To systemically elucidate the modulation effects of TCMs on both gut bacterial and fungal communities, we gavaged mice with various TCMs for four weeks and analyzed the fecal bacteria and fungi using full-length 16S rRNA sequencing and ITS1/2 gene sequencing, respectively. This is a part of the systematic study, which focused on the regulating effect of PAL, an edible and medical fruit, on both gut bacteria and fungi. In folk medicine, PAL is often taken by healthy residents to prevent inflammation and metabolic disorders. Therefore, our investigation on PAL-treated normal mice may not only elucidate the potential intestinal mechanism of PAL to deal with various diseases but also provides an evidence for the health-care use of this edible herb.

2. Material and methods

2.1. Preparation of P. alkekengi aqueous extract

PAL was purchased from Bohaotang Chinese Traditional Medicinal Co., Ltd. (Bozhou, China) and it was authentic identified by professor Niankai Zeng and deposited in Hainan Medical University with the numbers of FHMU6613. The aqueous extract of PAL was prepared as previous study. Briefly, 200 g of unprocessed raw medicinal materials was extracted with 2000 mL distilled water for two times by decoction. After extraction, the extracts were merged, filtered, and concentrated to obtain the extract of PAL (200 mL).

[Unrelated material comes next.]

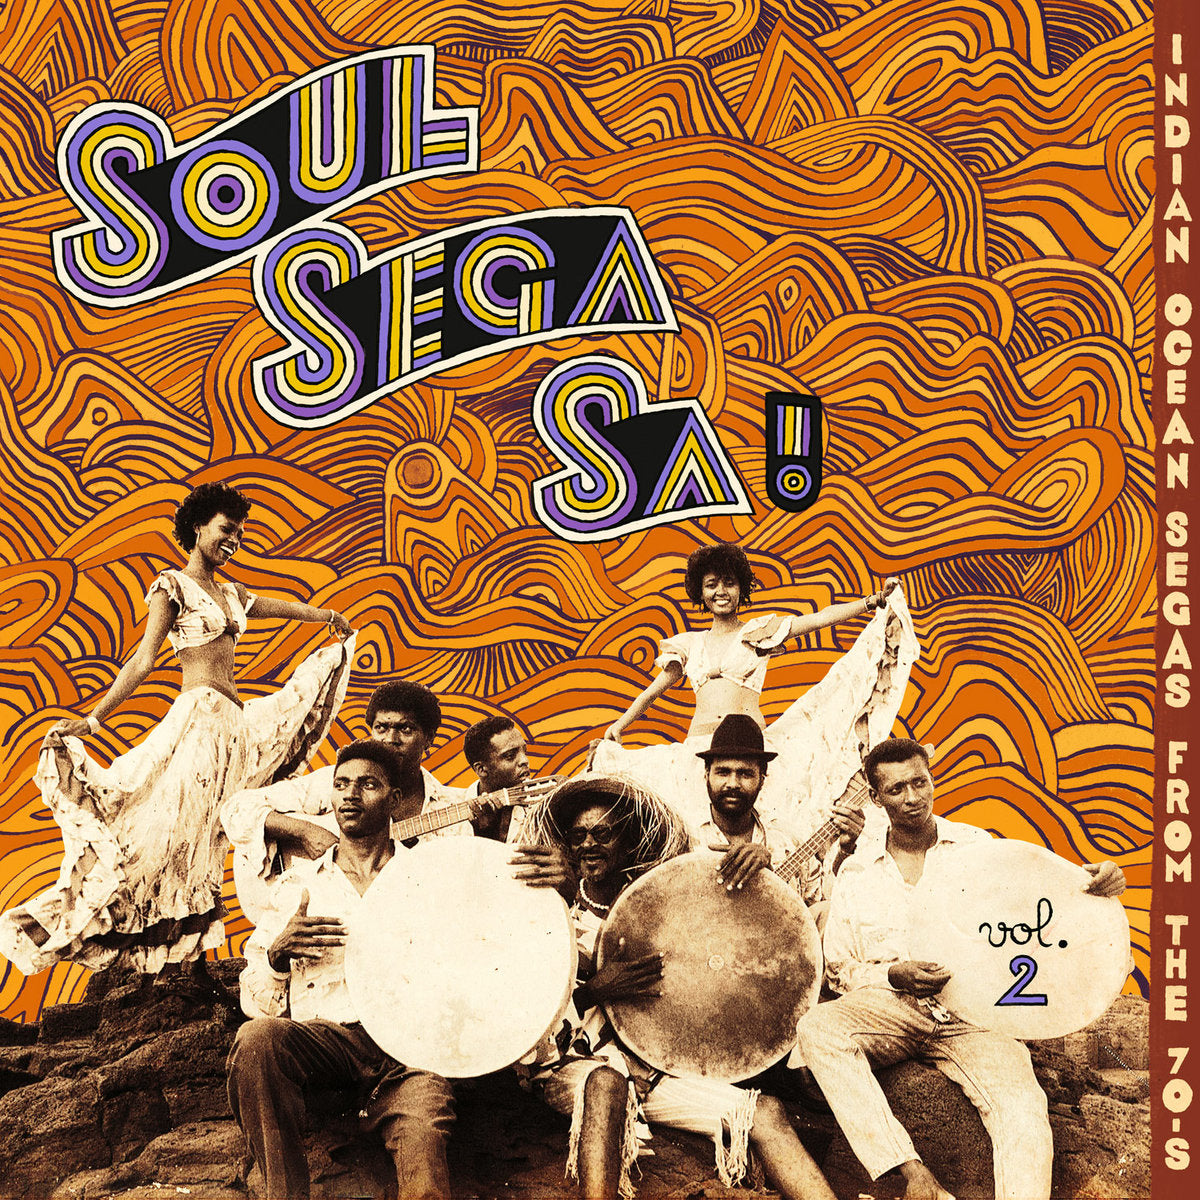 V/A - Soul Sega Sa ! Indian Ocean Segas From The 70's Vol. 2 - LP

2.2. Animals and treatment

A total of 17 8-week-old male C57BL/6 mice (22–25 g) were purchased from GemPharmatech Co., Ltd. (Haikou, China). The animals were maintained in an SPF environment with a controlled humidity (40 ± 5) % and temperature (23 ± 2) ℃, and 12 h light/dark cycle during experiment. All experimental procedures in this study were designed according to the guidelines for the care and use of laboratory animals of the National Institutes of Health and were approved by the Medical Ethics Committee of Hainan Medical University (No. SYXK-2017-0013).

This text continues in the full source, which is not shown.